-- The data --

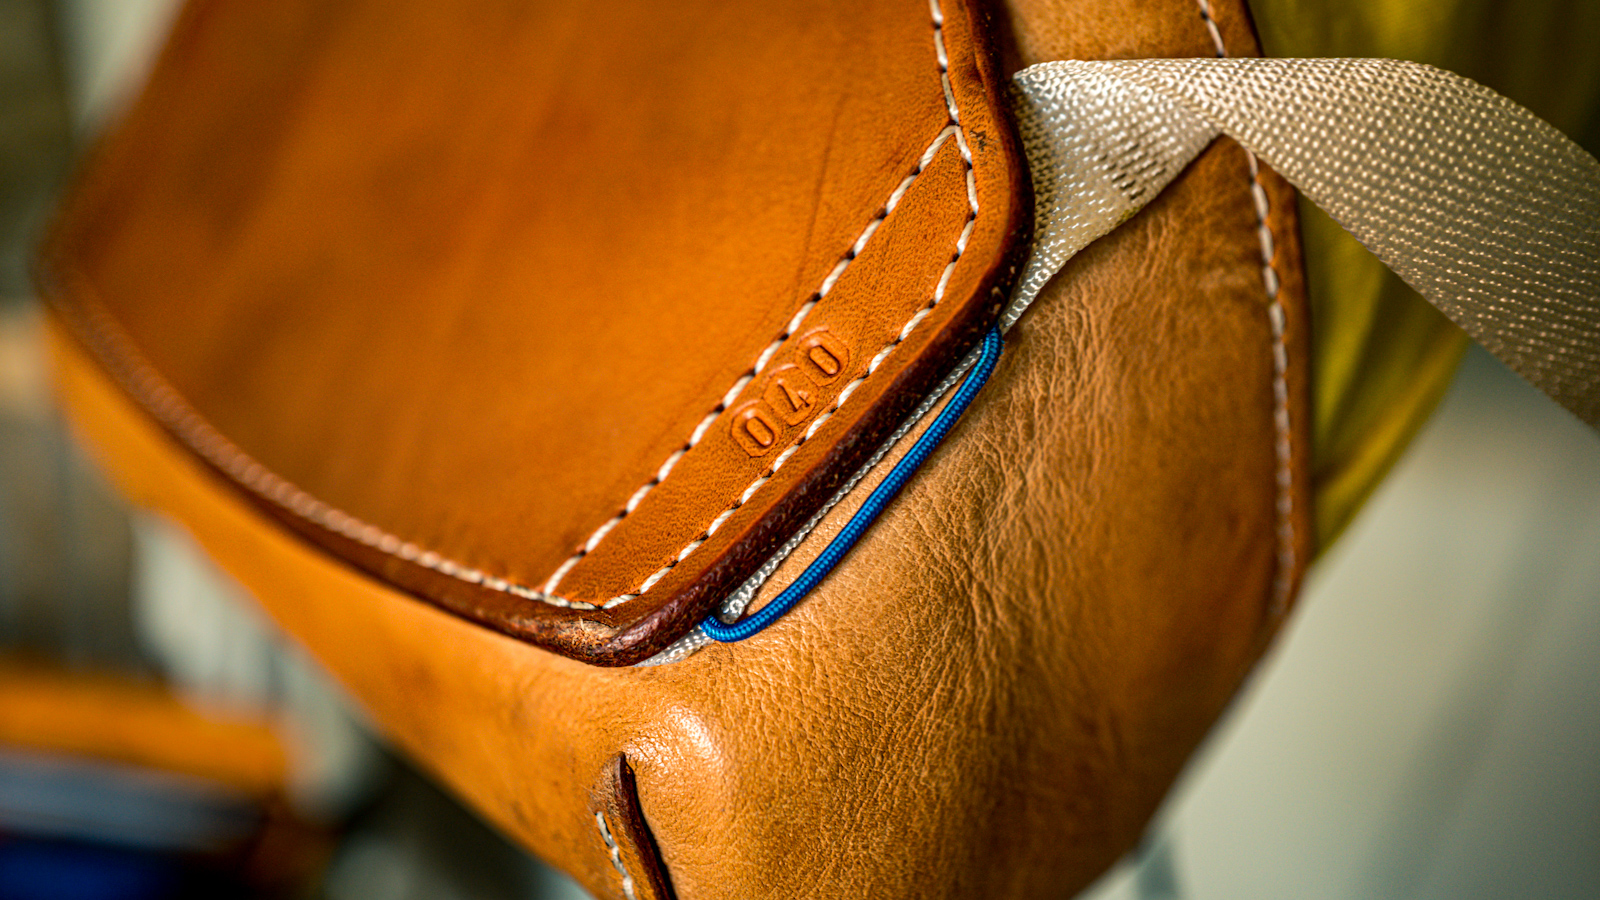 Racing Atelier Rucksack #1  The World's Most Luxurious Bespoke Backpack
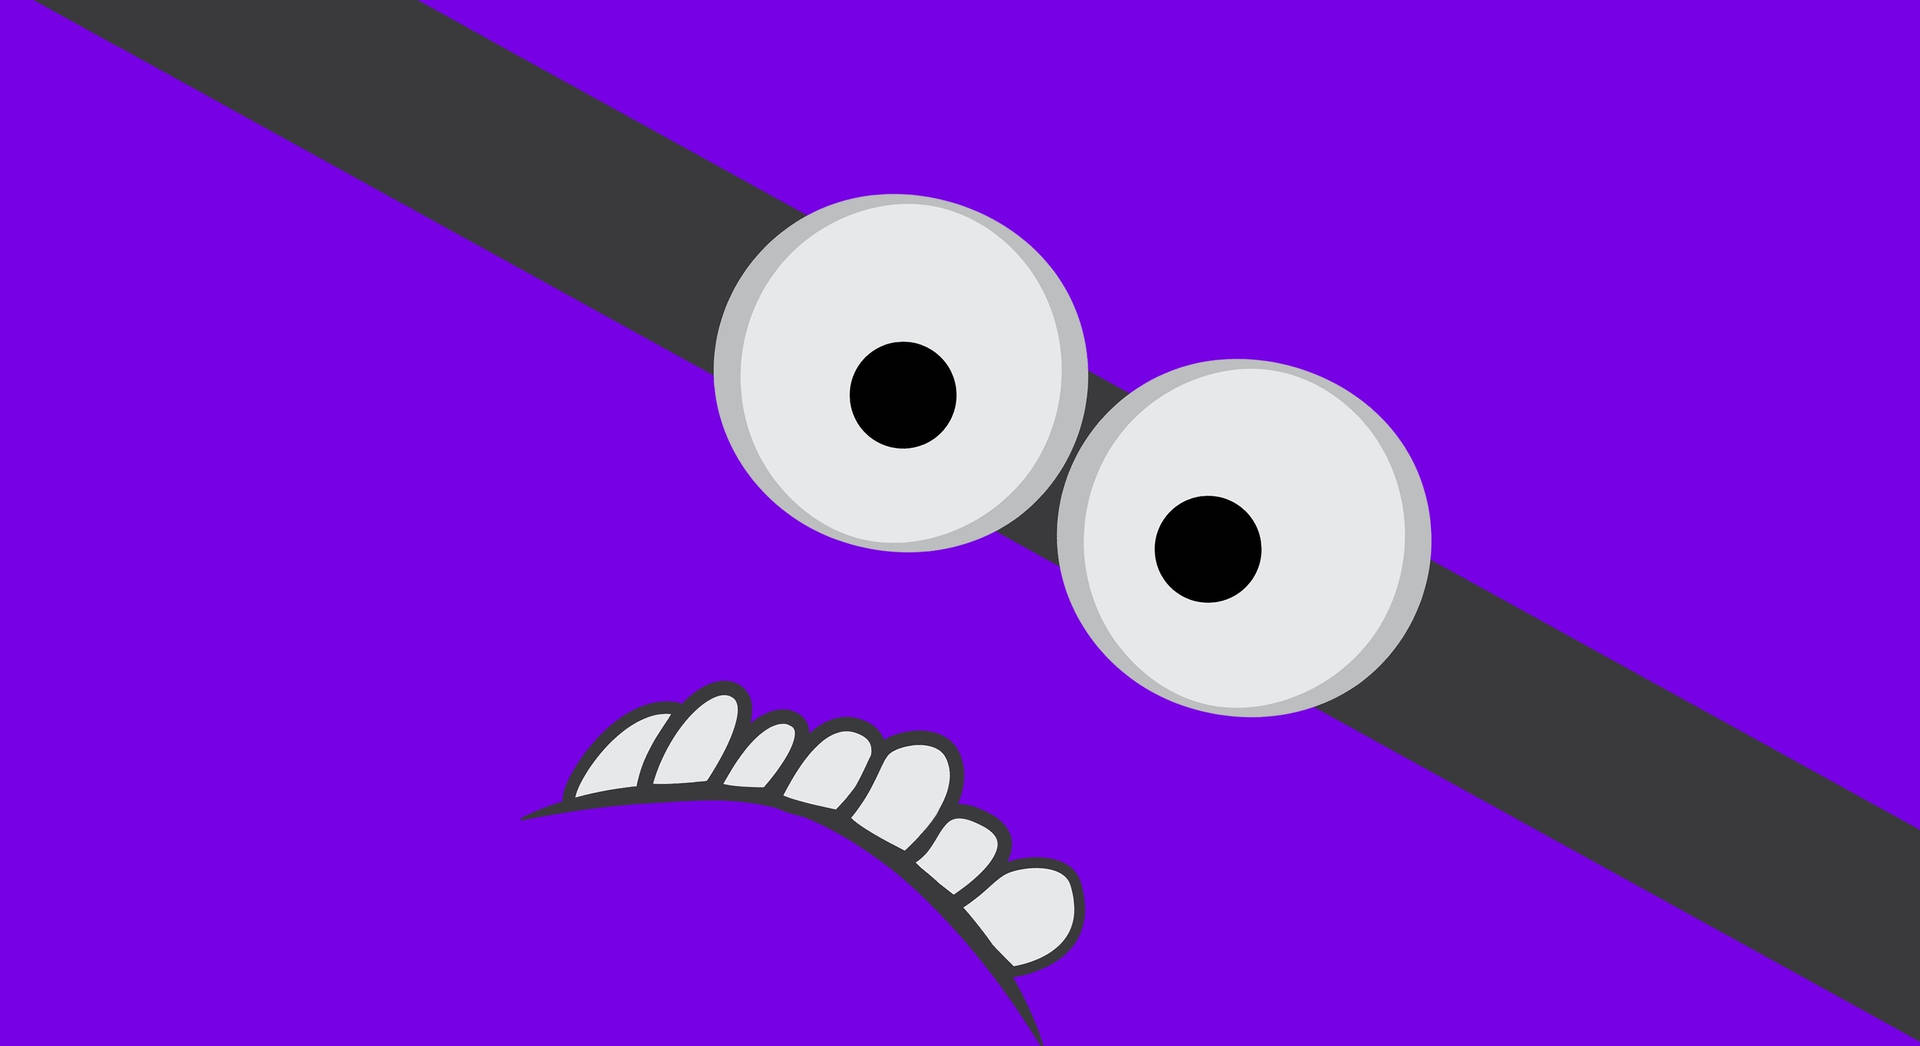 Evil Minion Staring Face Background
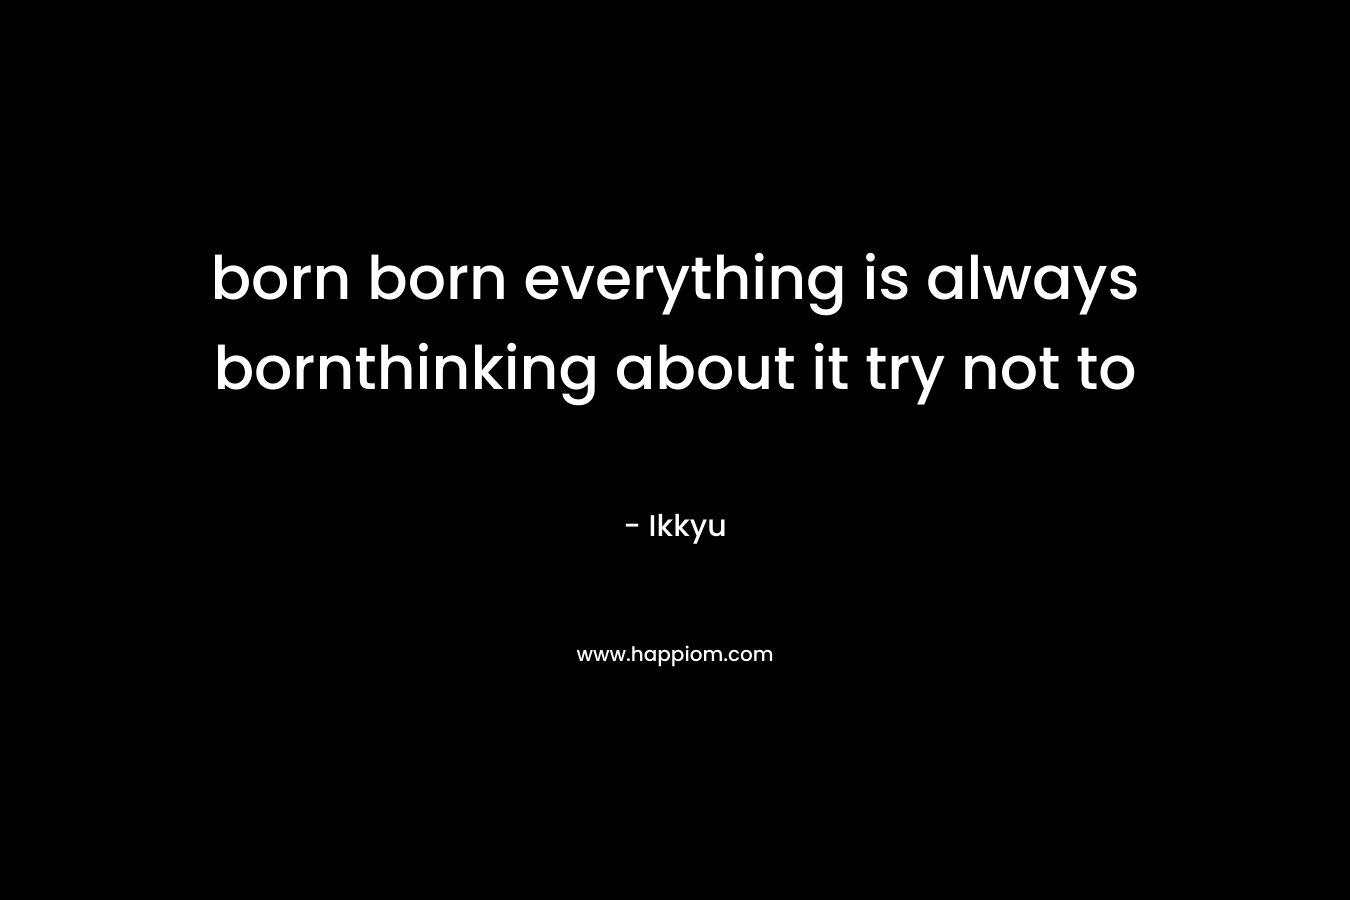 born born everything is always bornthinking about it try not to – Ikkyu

-- Action item --
Go through the lines above and write each one out verbatim, skipping the pictures.

-- Your solution --
 Racing Atelier Rucksack #1  The World's Most Luxurious Bespoke Backpack
 Evil Minion Staring Face Background
 born born everything is always bornthinking about it try not to – Ikkyu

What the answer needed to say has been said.